1- Mon fils étudiant a perçu une rémunération de stage en 2018. Dois-je la déclarer ?

Si votre fils a perçu moins de 17 982 € au titre de sa rémunération de stage, il sera exonéré. Il ne devra déclarer que la somme perçue au-delà.

A noter : les salaires perçus par les apprentis sont également exonérés mais pas les rémunérations reçues dans le cadre d’une alternance.

Rappelons qu’en présence d’un enfant majeur (moins de 21 ans ou de 25 ans s’il est étudiant), deux solutions s’offrent à vous : le rattacher à votre foyer fiscal et ainsi bénéficier d’une demi-part supplémentaire ; ou le détacher et déduire une pension alimentaire (dans la limite de 5 888 € pour 2018).

2- J’ai effectué un investissement en 2018 me donnant droit à une réduction d’impôt. Comment sera-t-elle prise en compte avec l’année blanche ?
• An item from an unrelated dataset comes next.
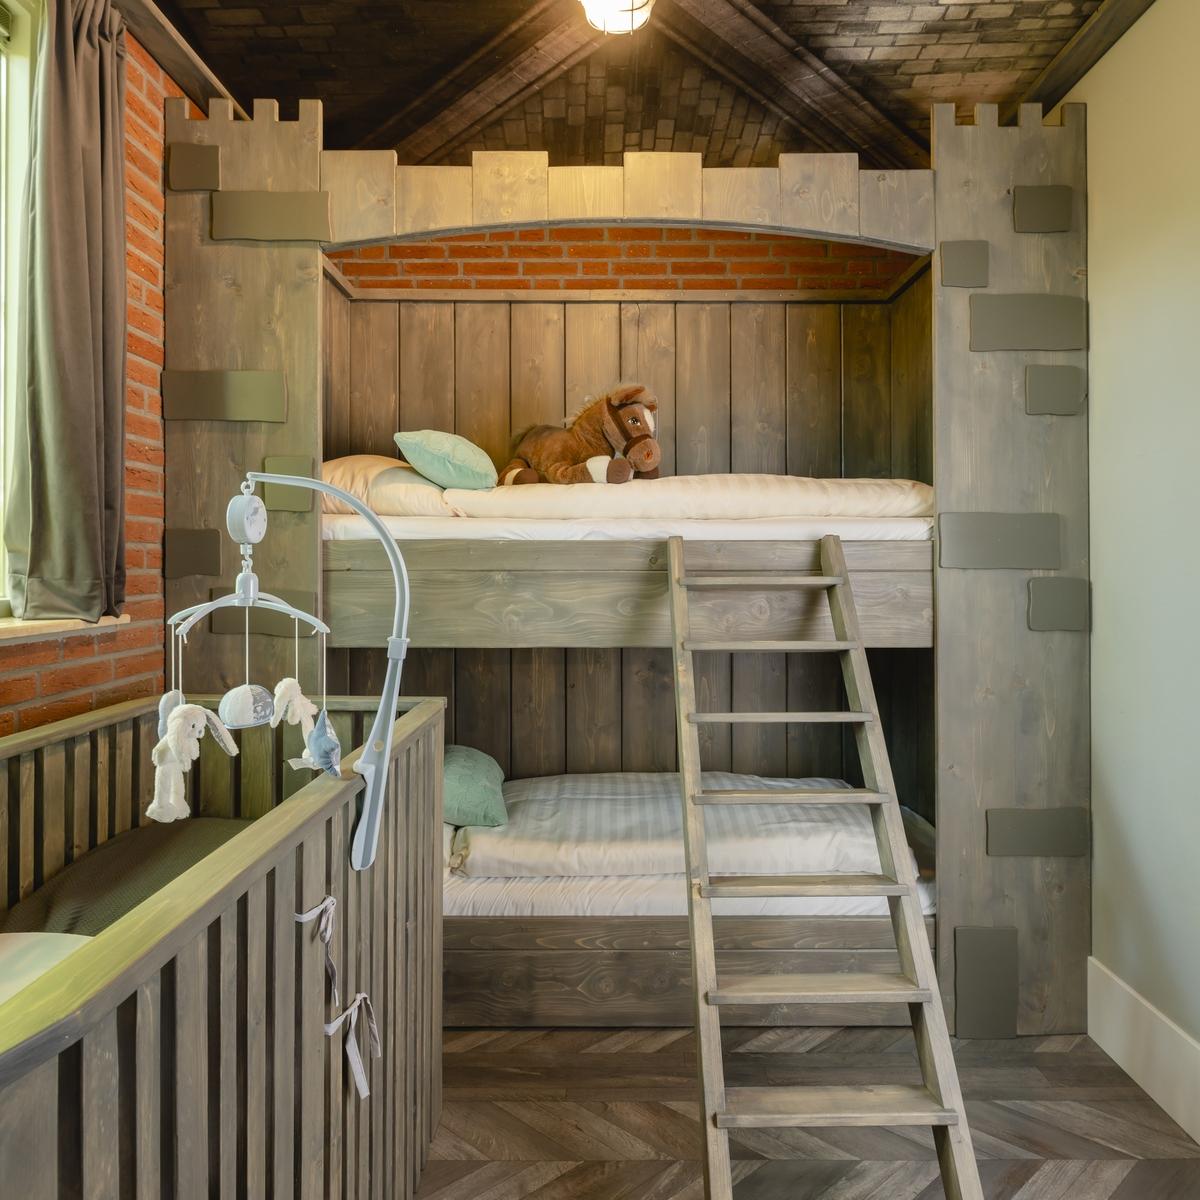 5-person baby & children's bungalow (copy)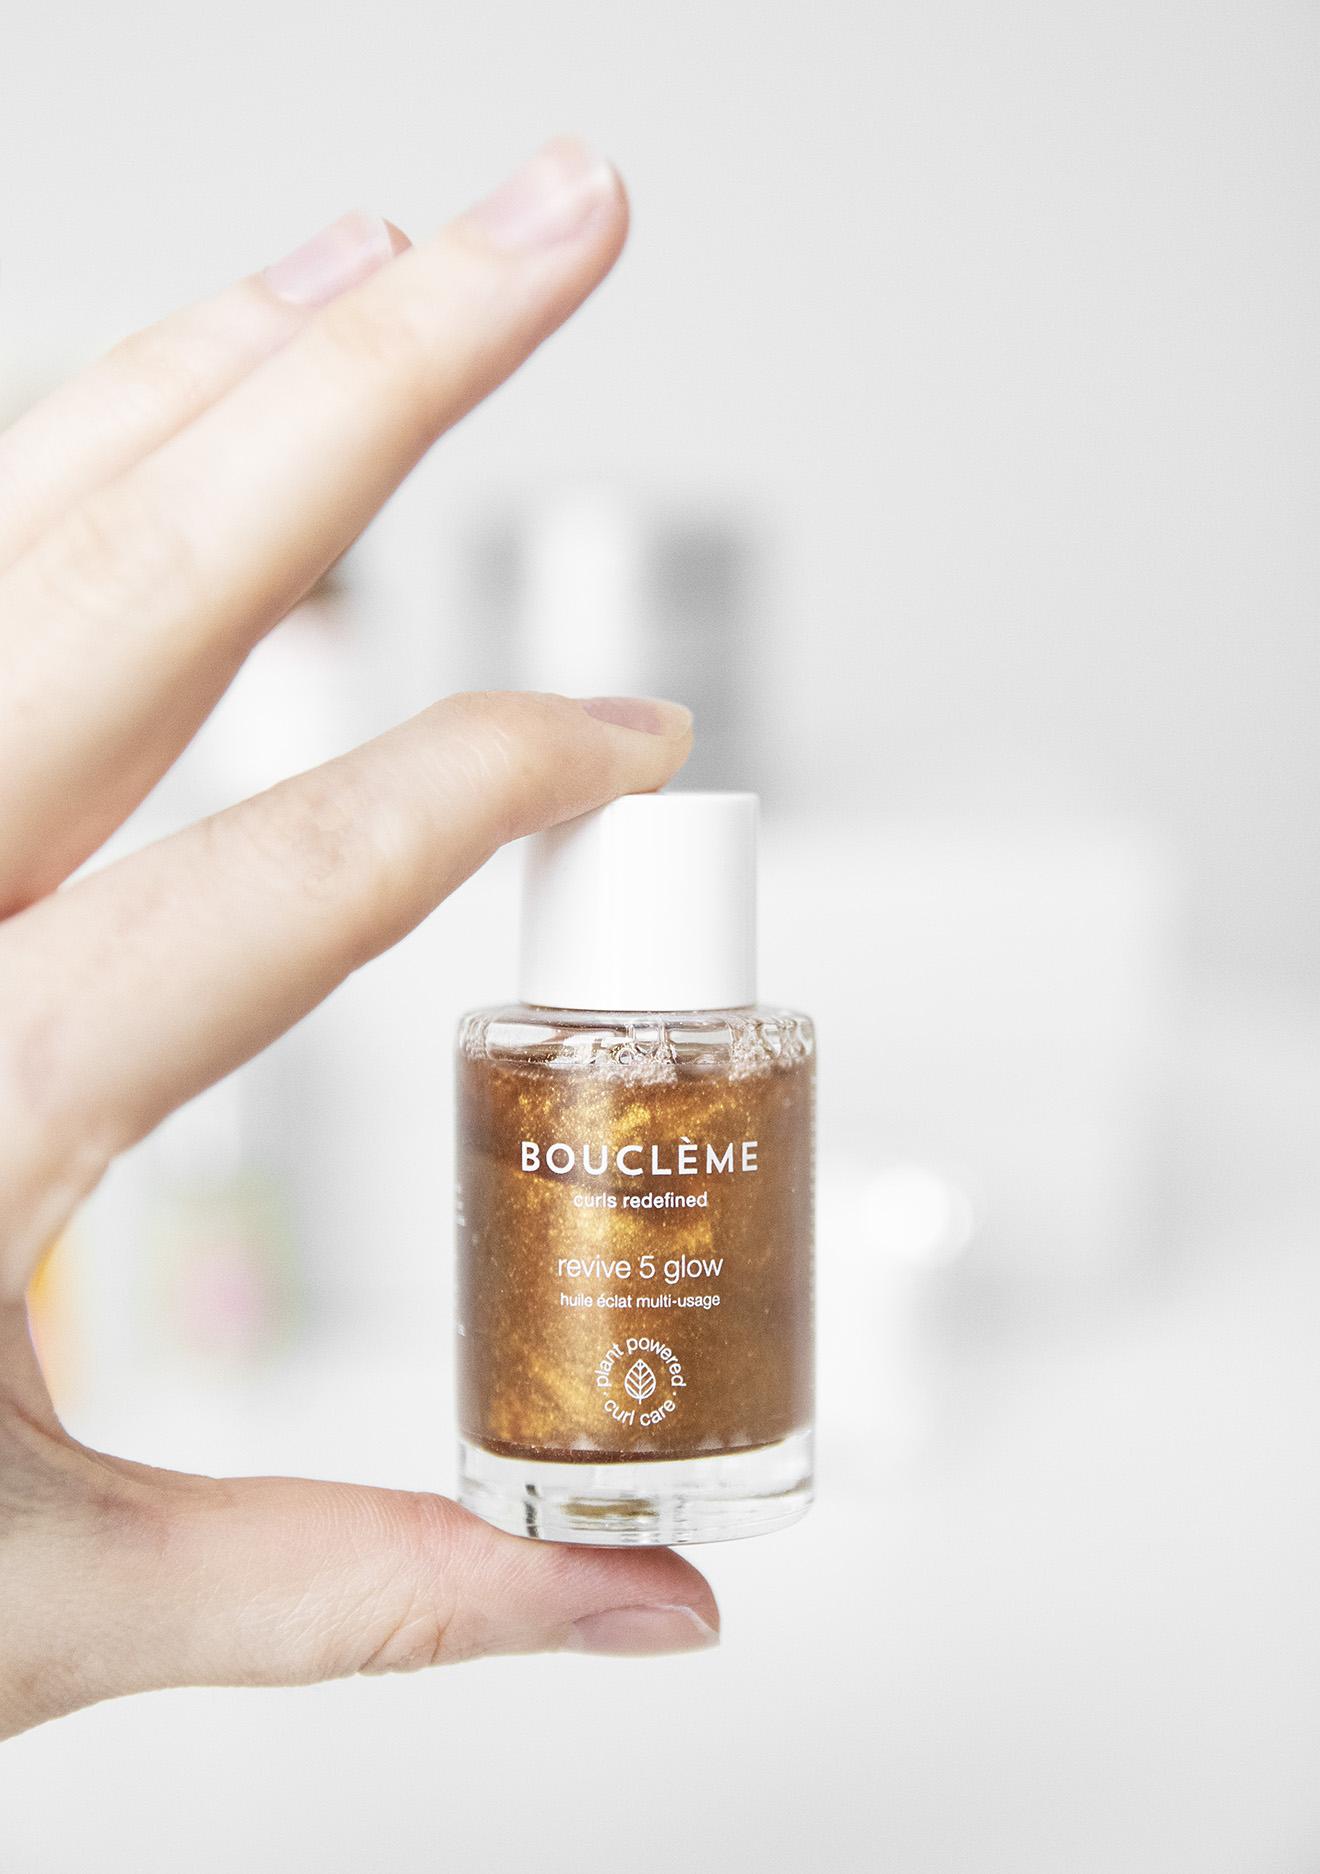 Boucleme Revive 5 Glow Multi Usage Oil

Vous devez reporter dans votre déclaration de revenus l’investissement effectué en 2018 ouvrant droit à réduction d’impôt (ou à un crédit d’impôt). Celui-ci n’est pas pris en compte pour le calcul de votre taux de prélèvement à la source. Mais certains(1) investissements ouvrent droit à une avance de 60 % calculée à partir de votre déclaration précédente et versée le 15 janvier de l’année suivante. Attention, si vous souscrivez une déclaration n° 2042, vous devez déclarer l’acompte que vous avez perçu en 2019 en case 8 EA (pour la 2042 K, le montant est déjà prérempli au n° 7 de la page 4).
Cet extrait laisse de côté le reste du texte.